A satellite moves in a circular orbit around
the Earth at a speed of 5.4 km/s.
Determine the satellite’s altitude above
the surface of the Earth. Assume the
Earth is a homogeneous sphere of radius
6370 km and mass 5.98 × 10
24
kg. The
value of the universal gravitational constant
is 6.67259 × 10
−11
N · m2
/kg
2
.
Answer in units of km
Why did the satellite go to therapy? Because it had some orbit issues! Now, let's calculate its altitude, shall we?
To determine the satellite's altitude above the surface of the Earth, we can use the centrifugal force and the force of gravity.
The centrifugal force acting on the satellite is equal to the gravitational force pulling it towards the Earth. Mathematically, these forces can be expressed as:
m * v^2 / r = G * M * m / (r + h)^2
Where:
m = mass of the satellite (which we can cancel out)
v = speed of the satellite (5.4 km/s)
r = radius of the Earth (6370 km)
G = universal gravitational constant (6.67259 × 10^-11 N · m^2 / kg^2)
M = mass of the Earth (5.98 × 10^24 kg)
h = altitude above the Earth's surface (what we're trying to find)
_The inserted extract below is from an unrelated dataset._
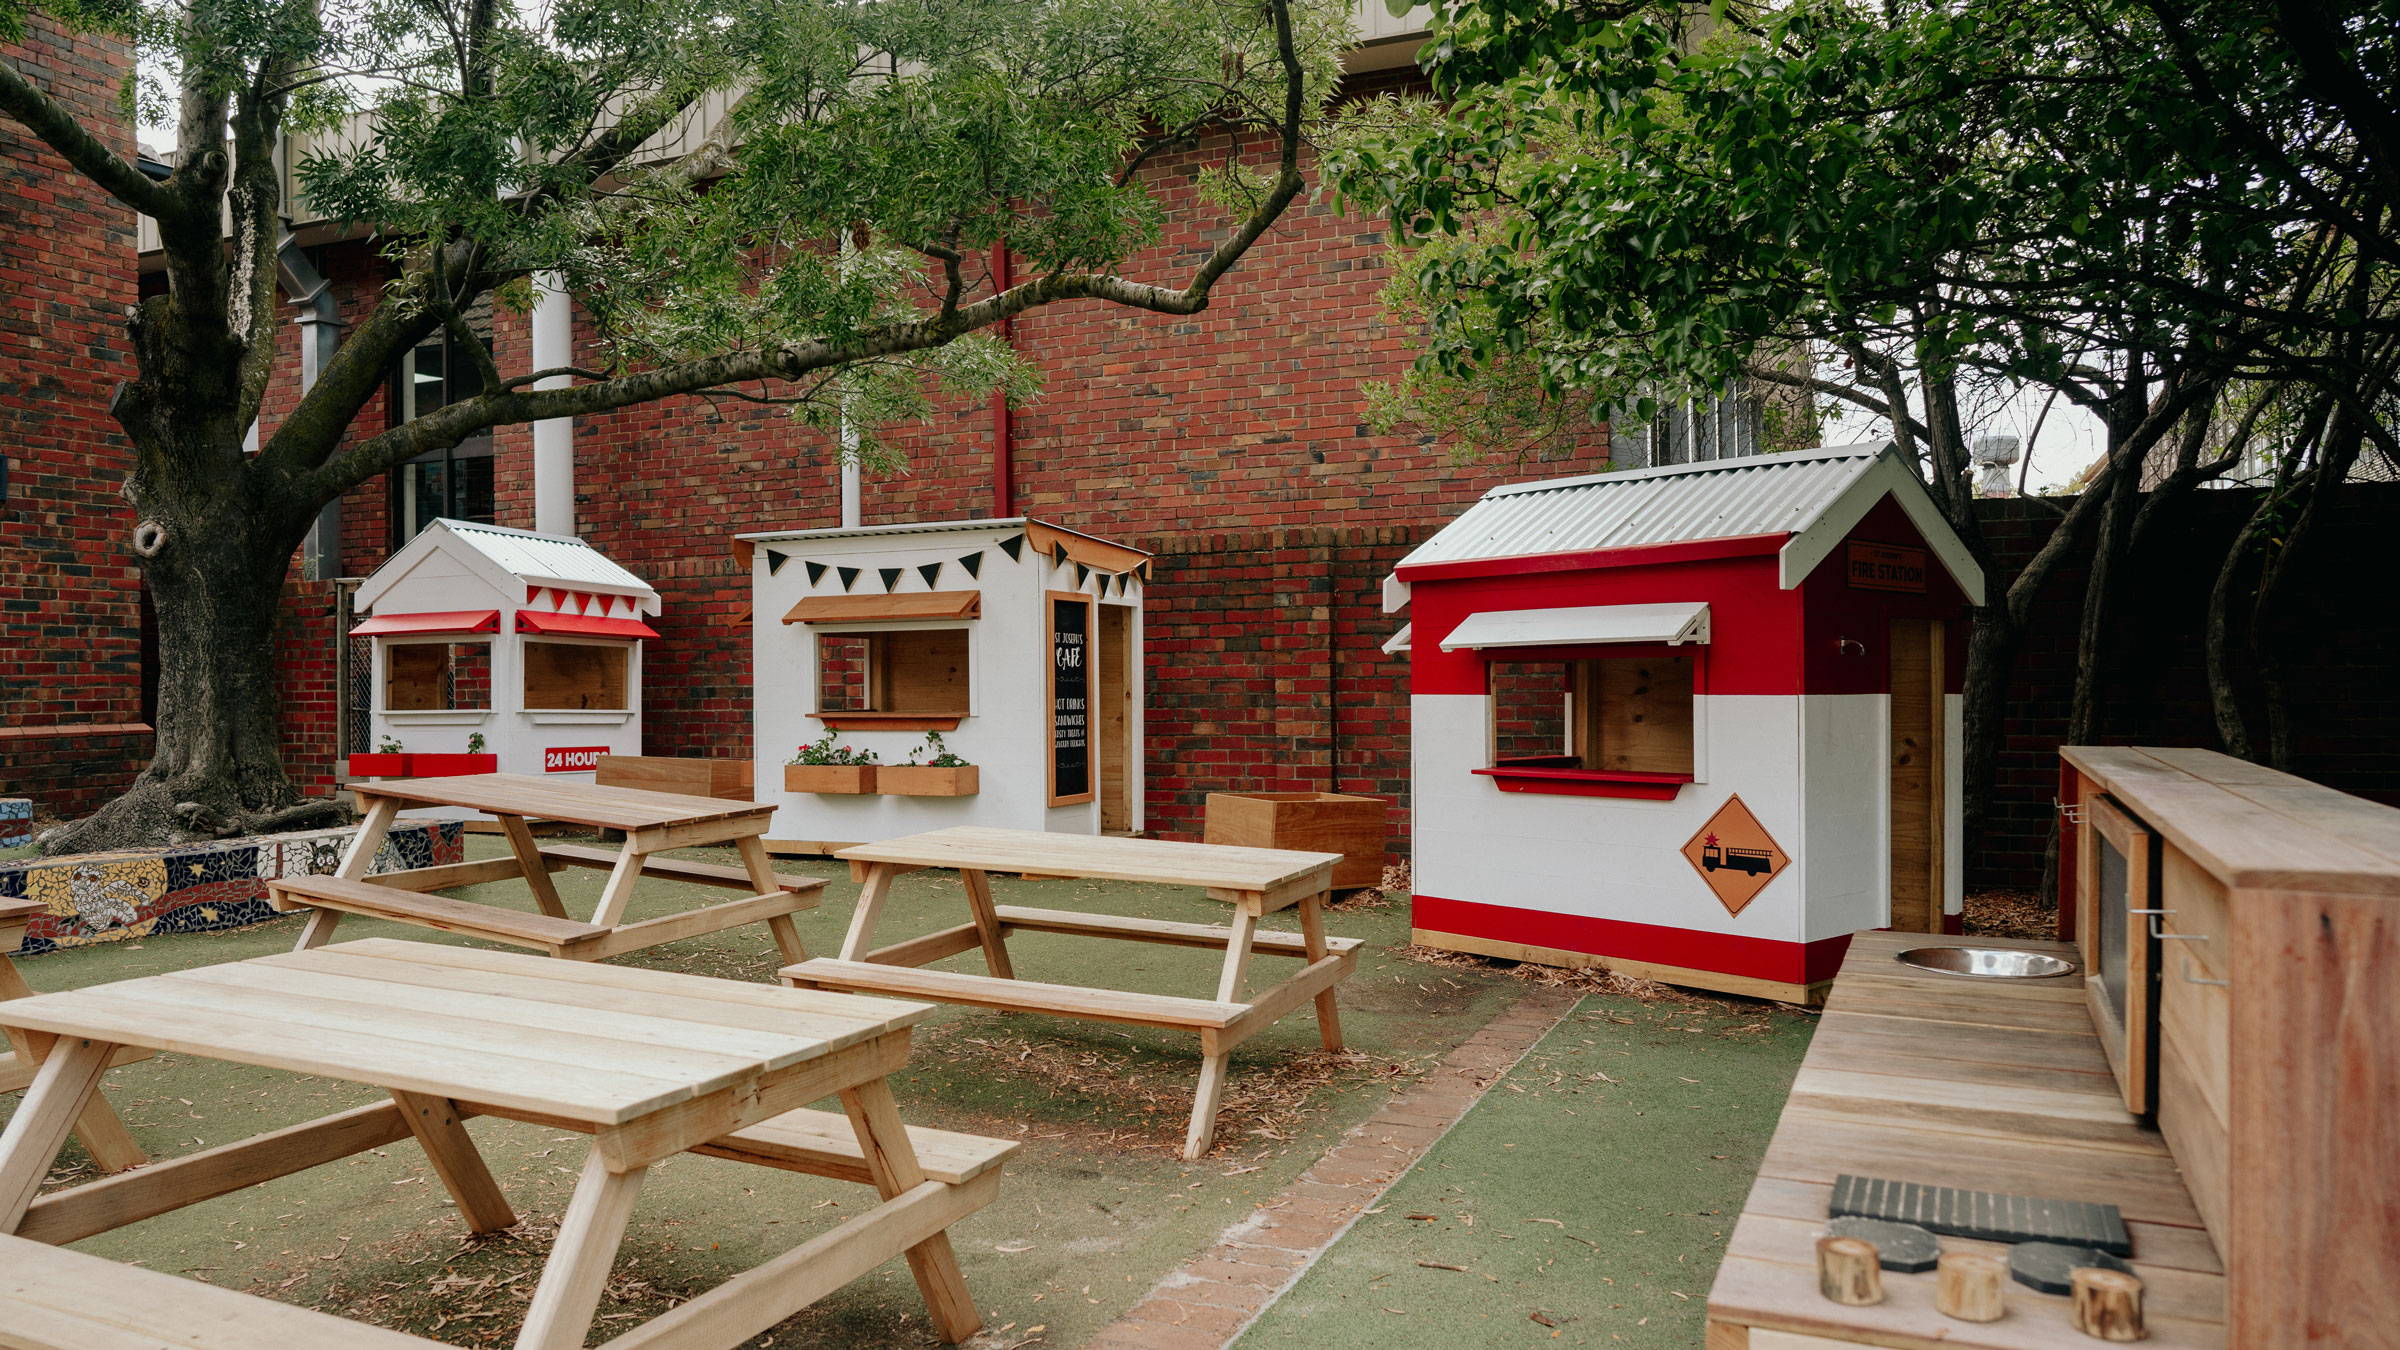 Themed cubby houses with a mud kitchen and picnic tables.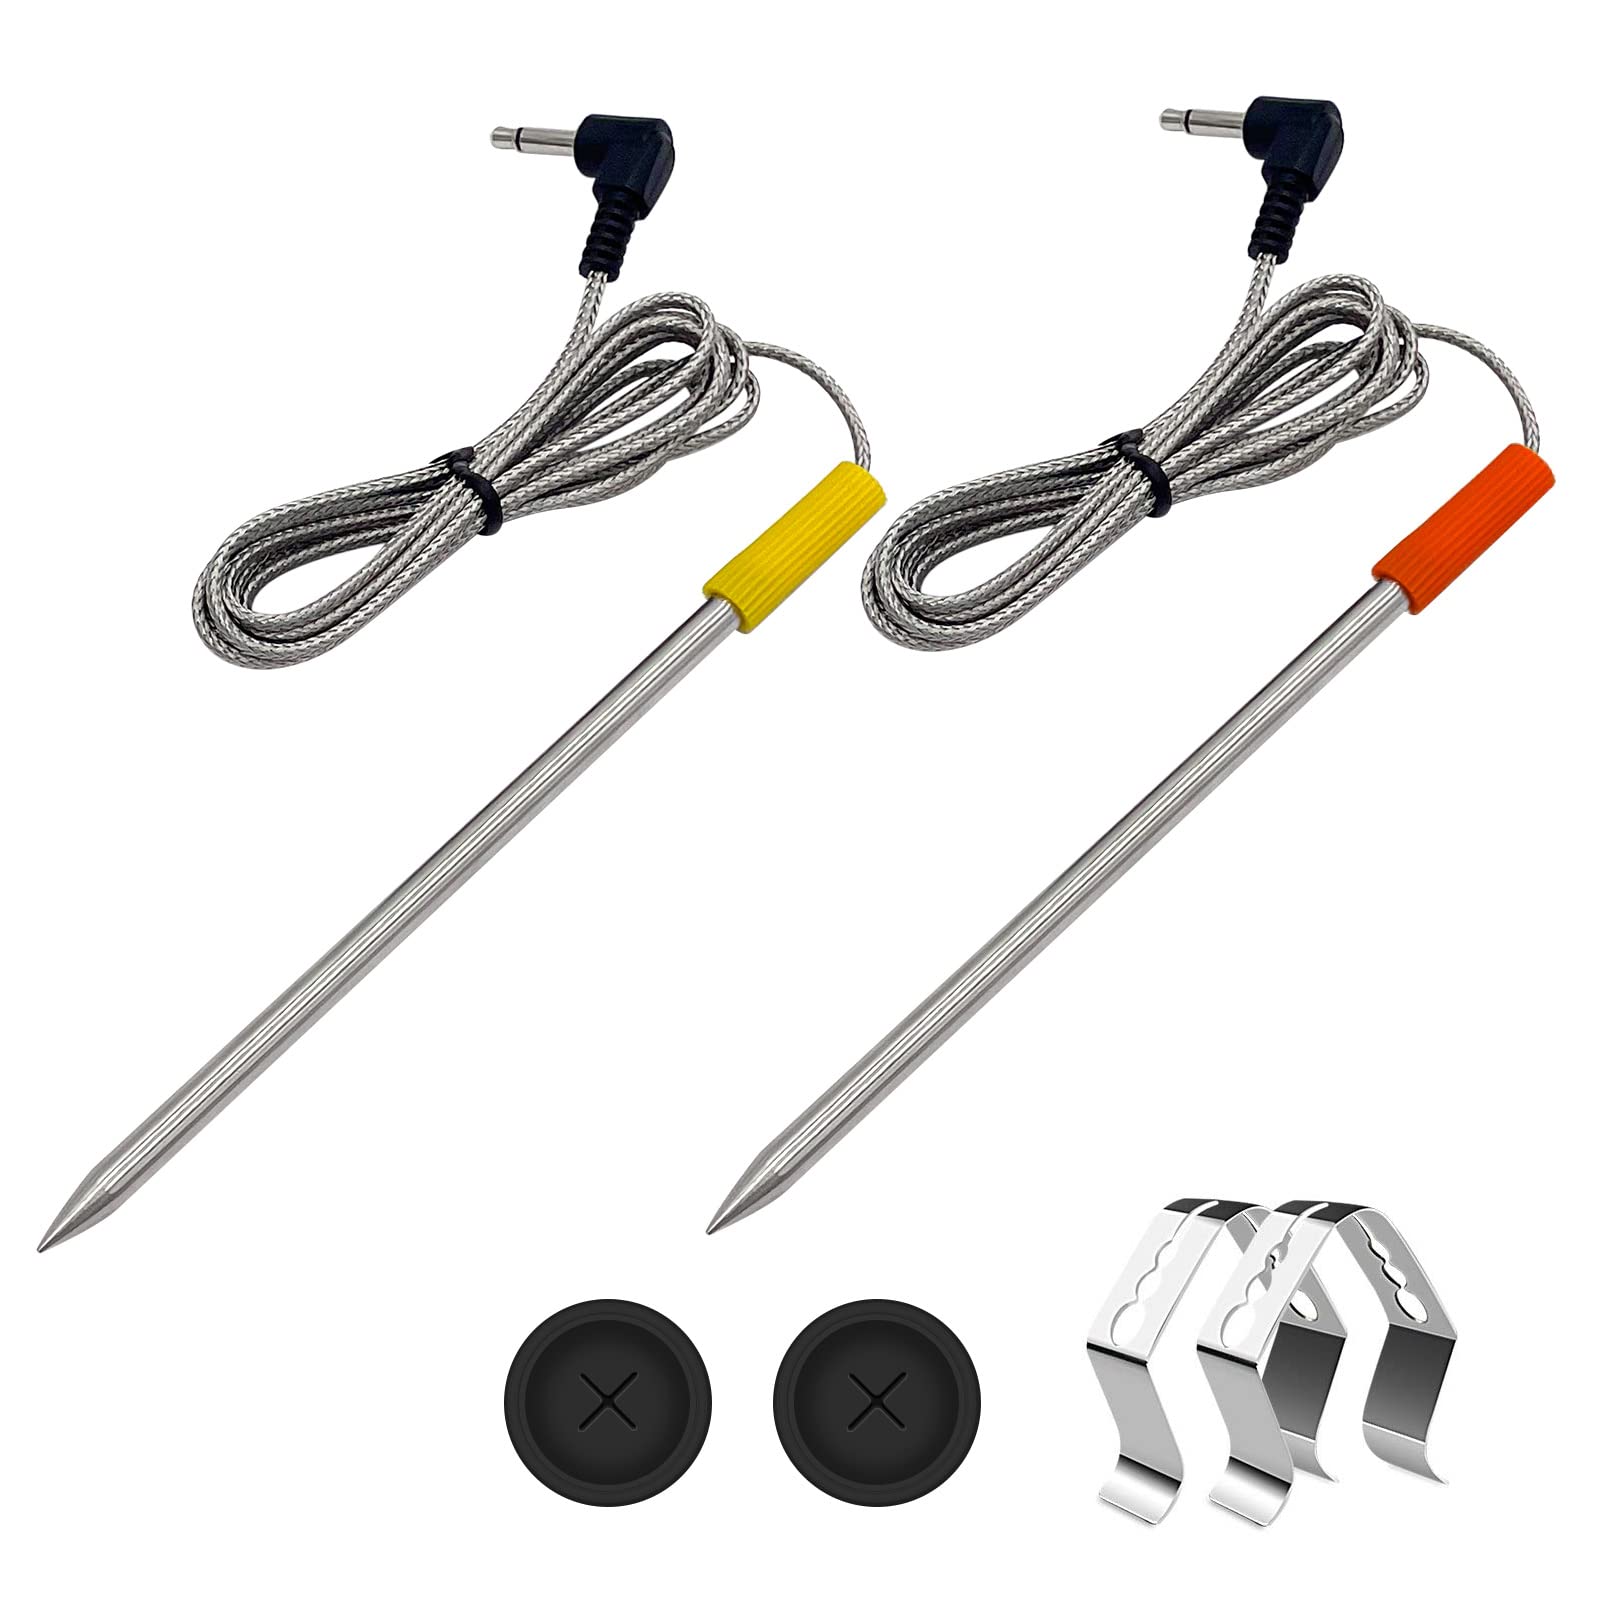 YAOAWE 2-Pack Meat Probe Replacement for Masterbuilt with Grill

Now, let's plug in the values and solve for h:
(5.4 km/s)^2 / 6370 km = (6.67259 × 10^-11 N · m^2 / kg^2) * (5.98 × 10^24 kg) / (6370 km + h)^2
Let's do some calculations...
(29.16 km^2/s^2) / 6370 km = (3.996662542 × 10^14 N · m^2 / kg) / (6370 km + h)^2
Simplifying further...
29.16 / 6370 = 3.996662542 × 10^14 / (6370 + h)^2
Now, let's cross-multiply...
29.16 * (6370 + h)^2 = 3.996662542 × 10^14 * 6370
Expanding and simplifying...
(6370 + h)^2 = (3.996662542 × 10^14 * 6370) / 29.16
Taking the square root...
6370 + h = sqrt[(3.996662542 × 10^14 * 6370) / 29.16]
Solving for h...
h = sqrt[(3.996662542 × 10^14 * 6370) / 29.16] - 6370
After performing the calculations, the satellite's altitude above the surface of the Earth is approximately 1994 km. Ta-da! I hope that answer orbits around your expectations!
To determine the satellite's altitude above the surface of the Earth, we can use the equation for centripetal force:
F = (mv^2) / r
Where:
F is the gravitational force between the satellite and the Earth,
m is the mass of the satellite,
v is the orbital velocity of the satellite,
r is the distance from the center of the Earth to the satellite's center.
We can calculate the mass of the satellite using the equation:
m = F / g
Where:
g is the acceleration due to gravity, which is approximately 9.8 m/s^2.
First, let's convert the orbital velocity from km/s to m/s:
v = 5.4 km/s * (1000 m/km)
v = 5400 m/s
Next, let's calculate the gravitational force using Newton's law of universal gravitation:
F = (G * m * M) / r^2
Where:
G is the gravitational constant,
M is the mass of the Earth, and
r is the sum of the Earth's radius and the satellite's altitude.
Now, we solve for the satellite's altitude:
r = (F * r^2) / (G * m * M)
r = (F * (r + 6370 km)^2) / (G * m * M)
Rearranging the equation, we have:
(F * r^2) / (G * m * M) - r = (F * (r + 6370 km)^2) / (G * m * M)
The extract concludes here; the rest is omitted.